- Location of Chhattisgarh in India
- Location: Sukma, Chhattisgarh, India
- Date: 11 March 2014
- Deaths: 16: 15 security personnel 1 civilian
- Injured: 3
- Perpetrators: Naxals

= 2014 Chhattisgarh attack =

Terrorist incident in India

On 11 March 2014, 15 Indian security personnel and one civilian were shot dead in an attack engineered by Naxals.

==Incident==
The Central Reserve Police Force and police were traveling from the village of Tongpal to Jeeram Ghati. According to The Hindu, "The team was engaged in an area domination exercise to sanitise the area for troop movements and also to provide security to road construction workers." While traveling, one hundred men surrounded them and began opening fire, killing 15 security personnel and one civilian, and injuring three. The shooting lasted under 15 minutes and after the rebels were able to loot weapons, equipment and ammunition from the wounded and dead.
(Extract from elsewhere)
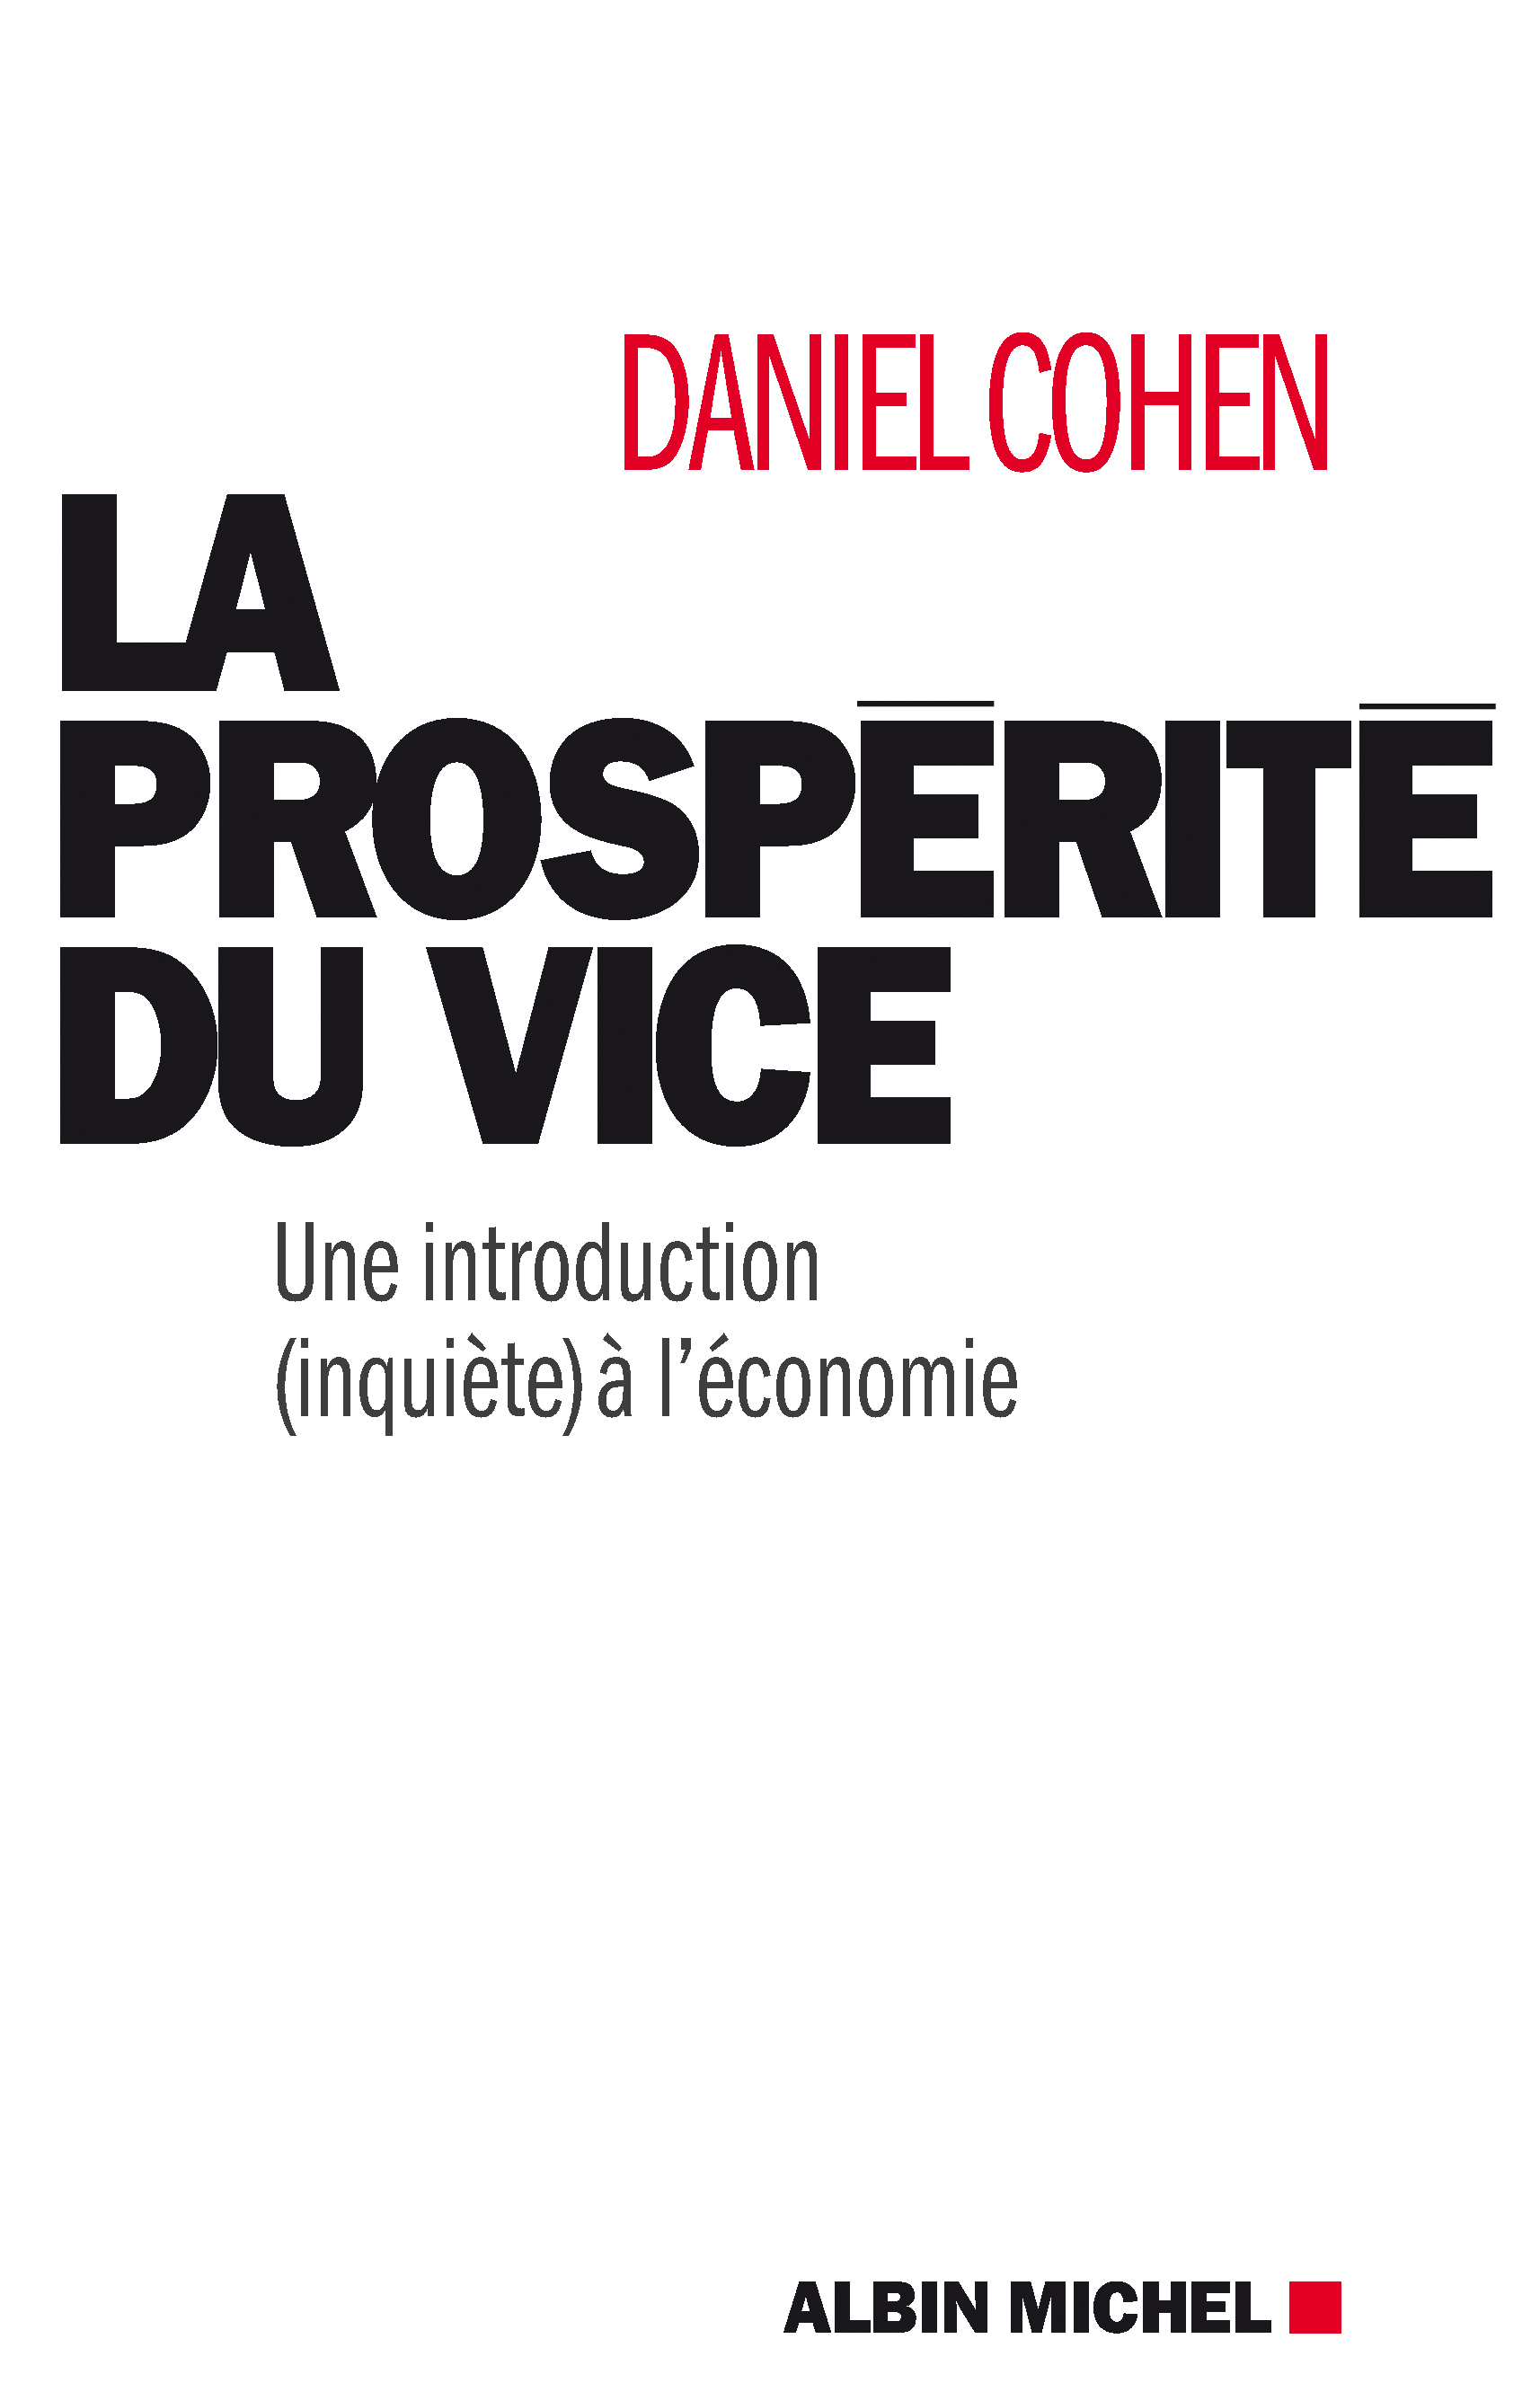 Couverture du livre La Prospérité du vice

Local police had sounded the alarm about Maoist activity in the region but the security operation was not cancelled.

== Aftermath ==
In 2014, case was registered against several identified as well as 150-200 unidentified Maoists individuals, and handed over to NIA.

In Feb 2024, Special Sessions Court of Bastar, Jagdalpur convicted four individuals to life imprisonment.

In Feb 2025, Chhattisgarh High Court strongly condemned and upheld life sentences computed to four individuals apprehended in this attack.